Some additional details.  My model was saved as  parquet format and after some 
research I found that parquet columns should be case insensitive.  I confirmed 
this by trying a workaround to load my model rename the column to "nodeData" 
and resave it but everything I tried ended up saving the model with the column 
"nodedata."  Given this logic for case insensitivity, doesn't it make more 
sense that the fix mentioned above to supposed loading spark2 models should be 
checking for "nodedata" not "nodeData"?

> IllegalArgumentException when loading a PipelineModel with Spark 3
> ------------------------------------------------------------------
>
>                 Key: SPARK-35370
>                 URL: https://issues.apache.org/jira/browse/SPARK-35370
>             Project: Spark
>          Issue Type: Bug
>          Components: MLlib
>    Affects Versions: 3.1.0, 3.1.1
>         Environment: spark 3.1.1
>            Reporter: Avenash Kabeera
>            Priority: Minor
>              Labels: V3, decisiontree, scala, treemodels
>
> Hi, 
> This is a followup of the this issue 
> https://issues.apache.org/jira/browse/SPARK-33398 that fixed an exception 
> when loading a model in Spark 3 that trained in Spark2.  After incorporating 
> this fix in my project, I ran into another issue which was introduced in the 
> fix [https://github.com/apache/spark/pull/30889/files.]  

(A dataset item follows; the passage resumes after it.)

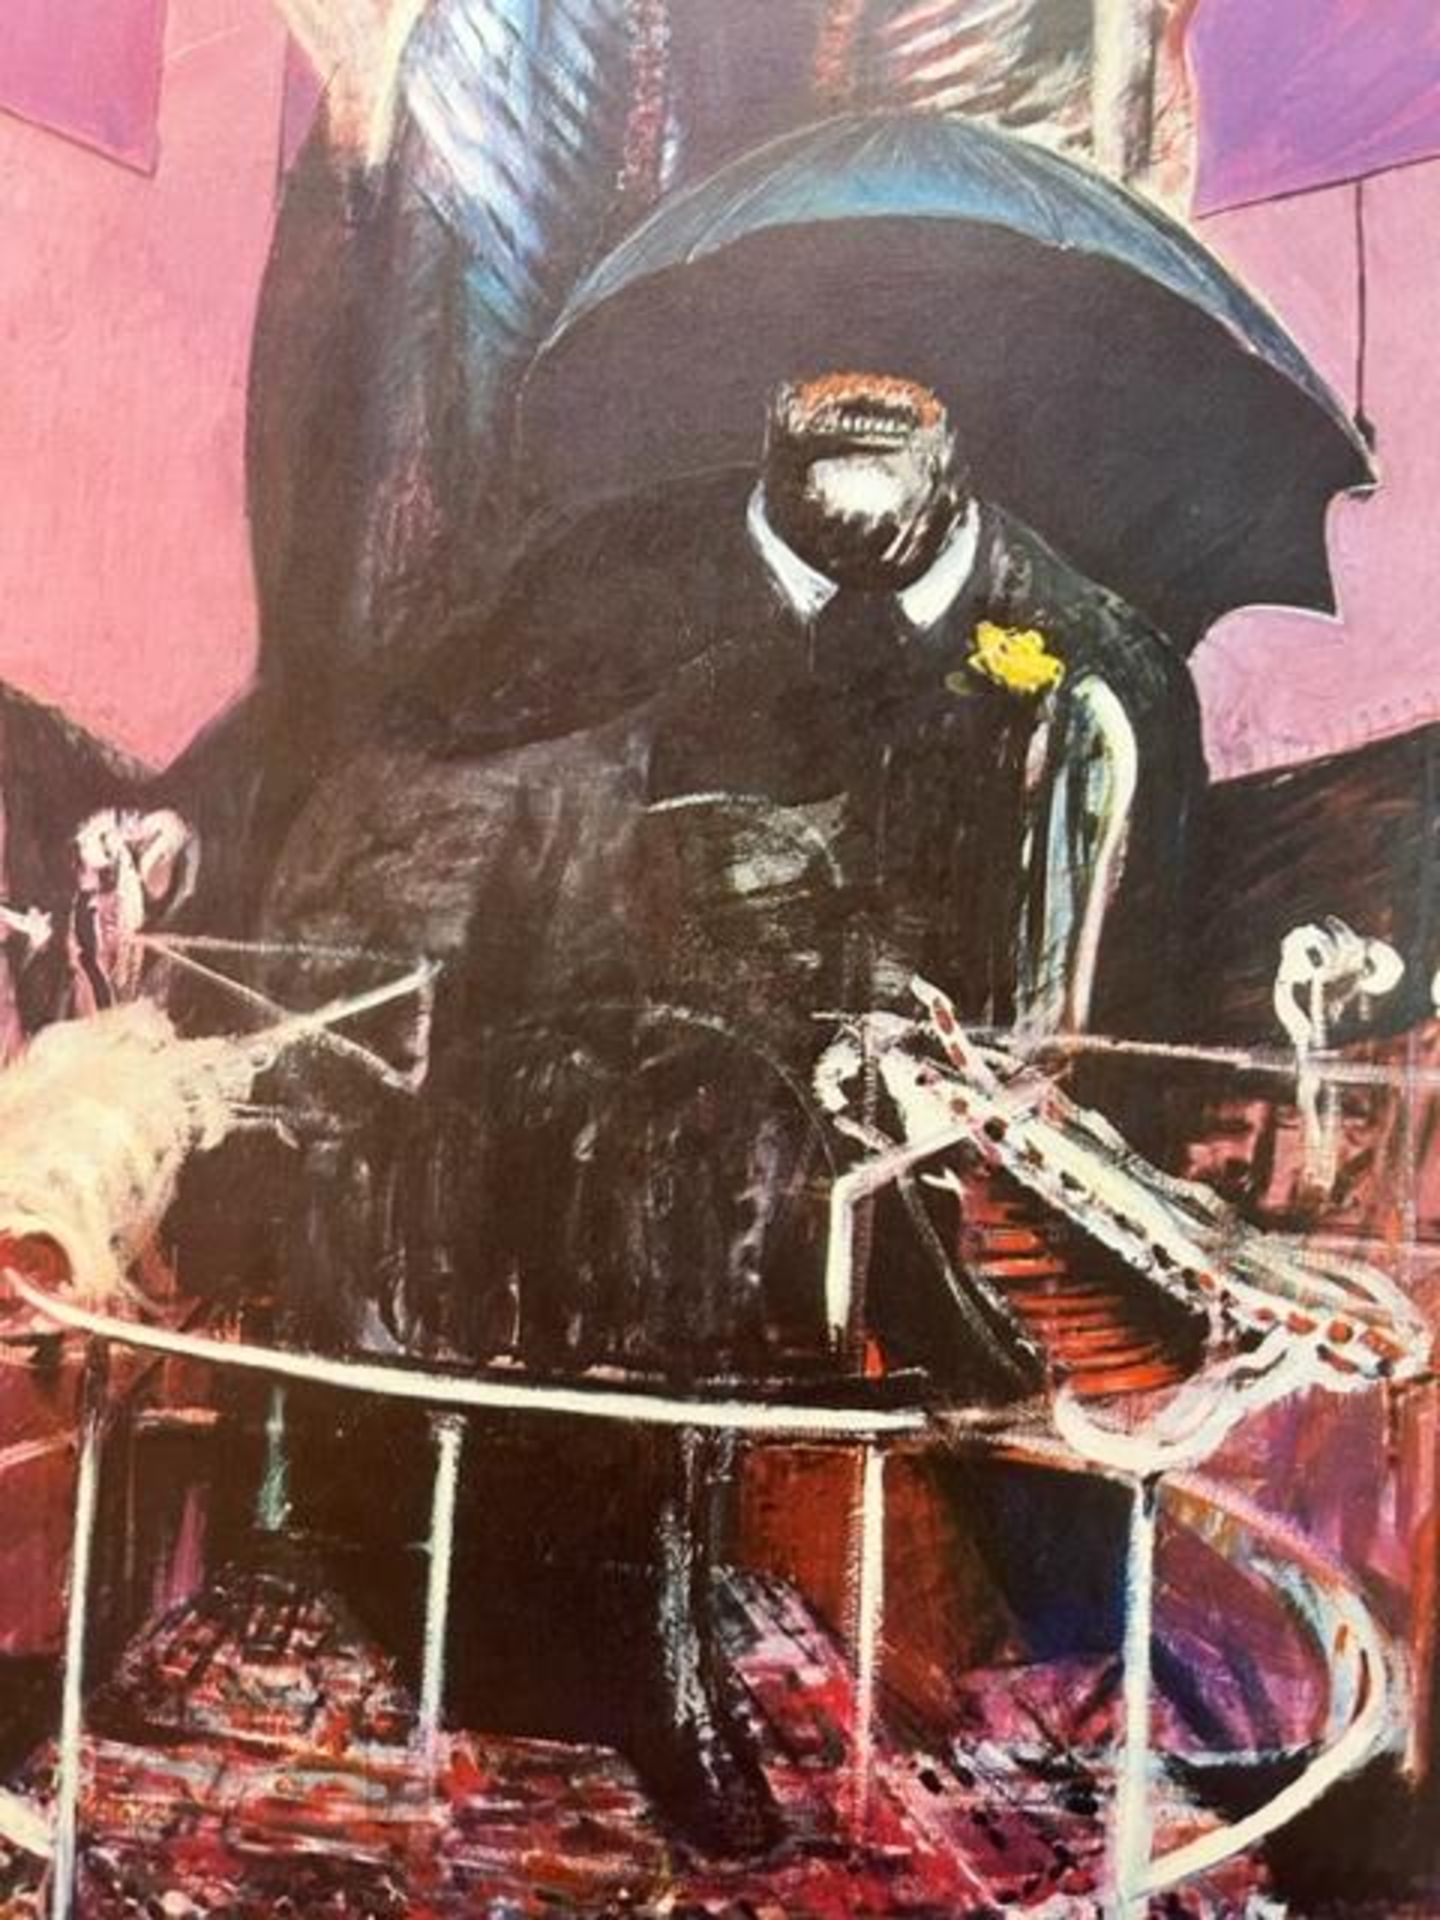 Francis Bacon "Painting" Print. - Image 9 of 12

> While loading my random forest model which was trained in Spark 2.2, I ran 
> into the following exception:
> {code:java}
> 16:03:34 ERROR Instrumentation:73 - java.lang.IllegalArgumentException: 
> nodeData does not exist. Available: treeid, nodedata
>  at 
> org.apache.spark.sql.types.StructType.$anonfun$apply$1(StructType.scala:278)
>  at scala.collection.immutable.Map$Map2.getOrElse(Map.scala:147)

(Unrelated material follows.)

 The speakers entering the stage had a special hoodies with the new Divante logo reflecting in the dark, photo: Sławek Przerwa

>  at org.apache.spark.sql.types.StructType.apply(StructType.scala:277)
>  at 
> org.apache.spark.ml.tree.EnsembleModelReadWrite$.loadImpl(treeModels.scala:522)
>  at 
> org.apache.spark.ml.classification.RandomForestClassificationModel$RandomForestClassificationModelReader.load(RandomForestClassifier.scala:420)
>  at 
> org.apache.spark.ml.classification.RandomForestClassificationModel$RandomForestClassificationModelReader.load(RandomForestClassifier.scala:410)
>  at 
> org.apache.spark.ml.Pipeline$SharedReadWrite$.$anonfun$load$5(Pipeline.scala:277)
>  at org.apache.spark.ml.MLEvents.withLoadInstanceEvent(events.scala:160)
>  at org.apache.spark.ml.MLEvents.withLoadInstanceEvent$(events.scala:155)
>  at 
> org.apache.spark.ml.util.Instrumentation.withLoadInstanceEvent(Instrumentation.scala:42)
>  at 
> org.apache.spark.ml.Pipeline$SharedReadWrite$.$anonfun$load$4(Pipeline.scala:277)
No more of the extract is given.